• Information given
--------------------

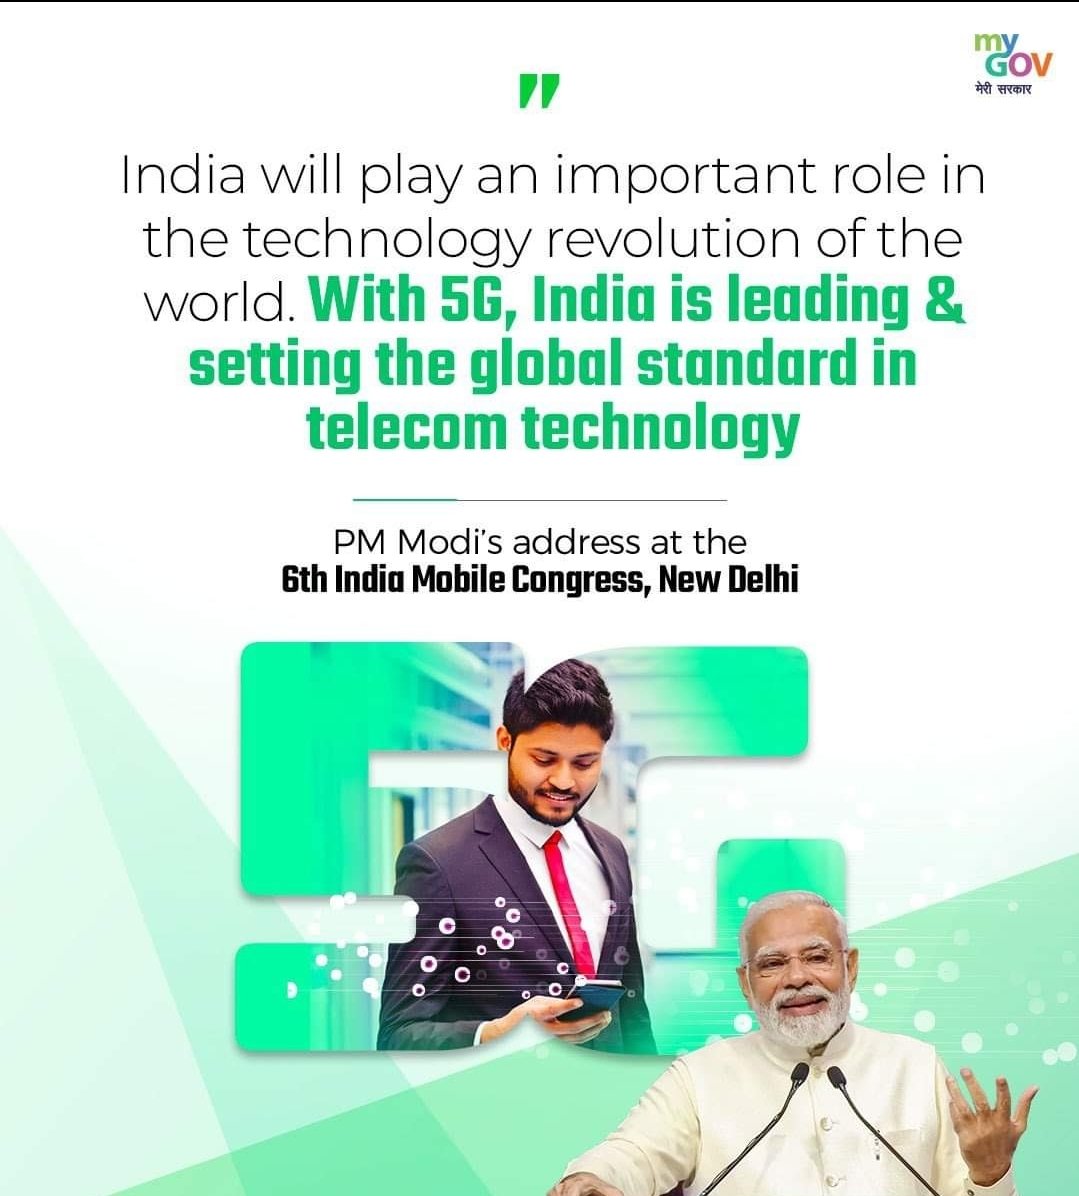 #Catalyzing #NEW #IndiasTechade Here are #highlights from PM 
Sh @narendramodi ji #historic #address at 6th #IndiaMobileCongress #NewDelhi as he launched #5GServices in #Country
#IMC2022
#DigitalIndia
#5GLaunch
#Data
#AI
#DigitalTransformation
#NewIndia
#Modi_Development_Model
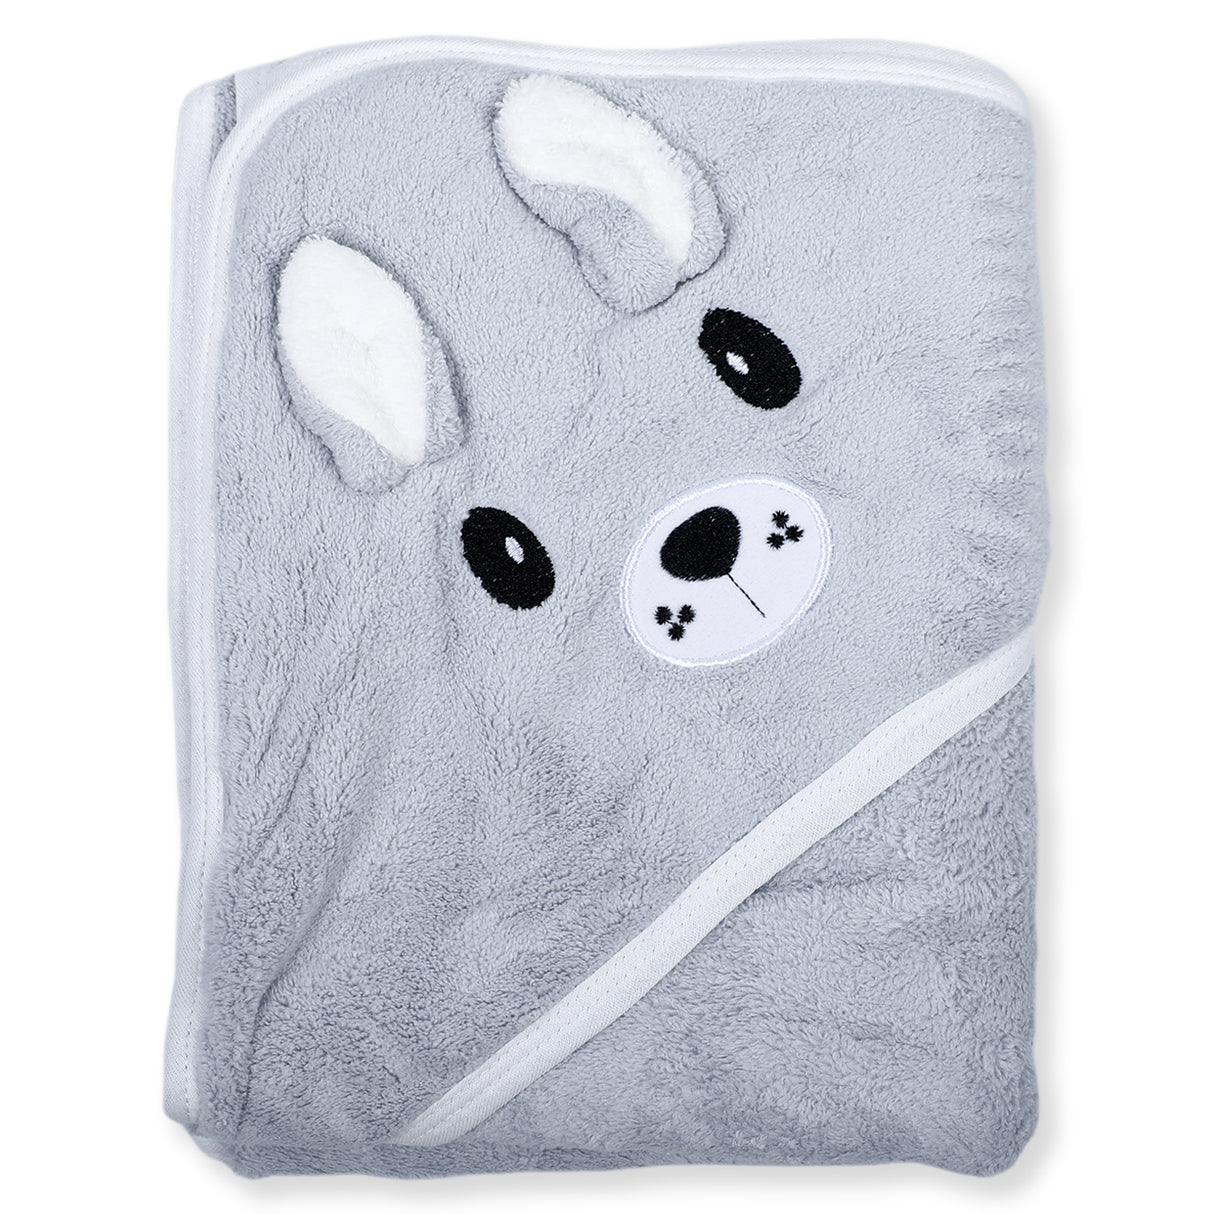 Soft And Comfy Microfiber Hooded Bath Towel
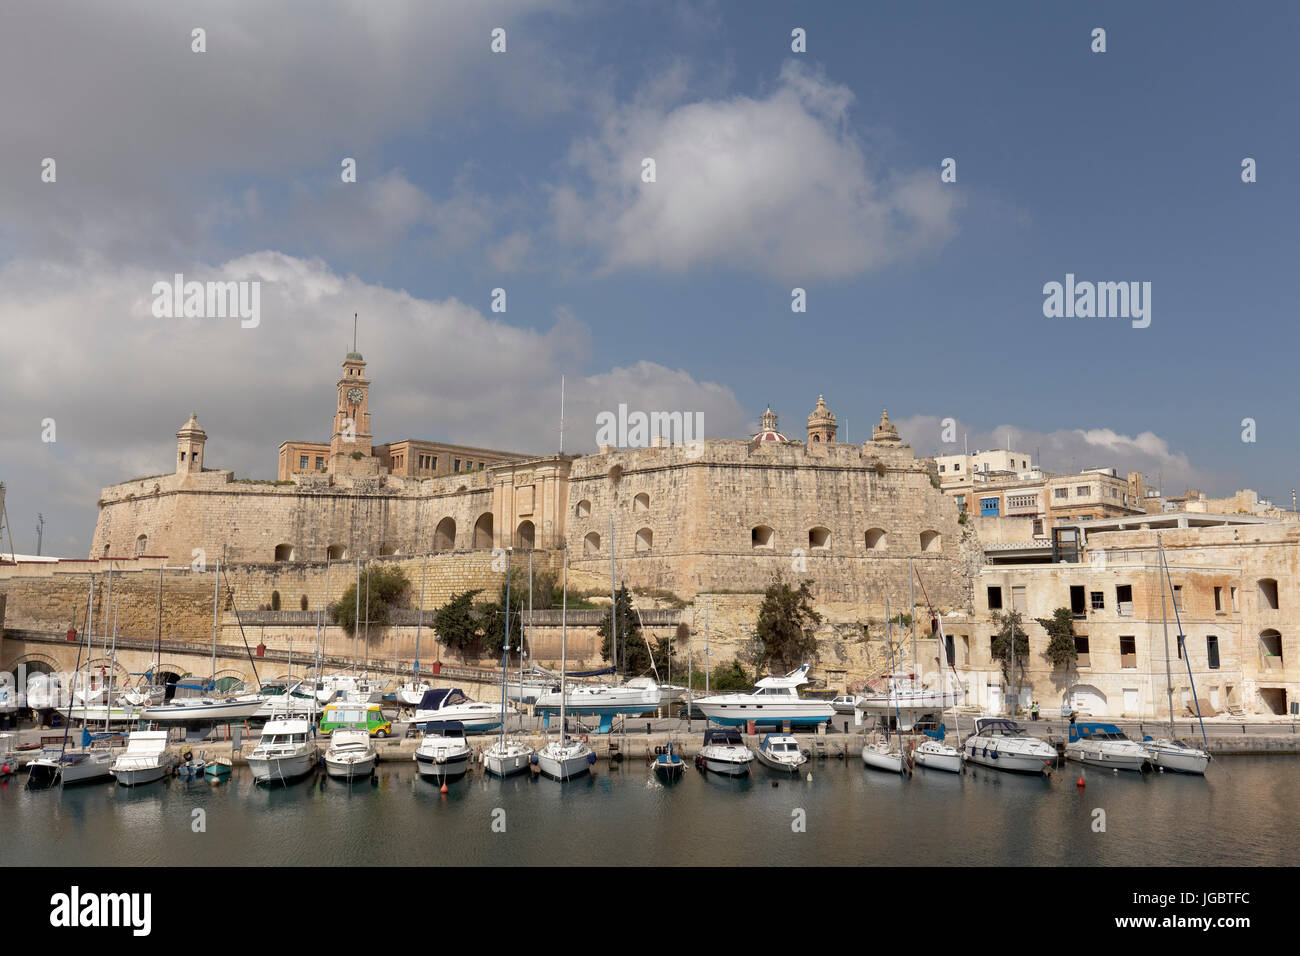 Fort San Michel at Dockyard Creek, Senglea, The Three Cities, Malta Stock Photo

--------------------

• Required work
The required output is the lines from the one containing "Sh @narendramodi ji" through the end of the data, printed exactly, with no pictures.

• The answer
Sh @narendramodi ji #historic #address at 6th #IndiaMobileCongress #NewDelhi as he launched #5GServices in #Country
#IMC2022
#DigitalIndia
#5GLaunch
#Data
#AI
#DigitalTransformation
#NewIndia
#Modi_Development_Model
 Soft And Comfy Microfiber Hooded Bath Towel
 Fort San Michel at Dockyard Creek, Senglea, The Three Cities, Malta Stock Photo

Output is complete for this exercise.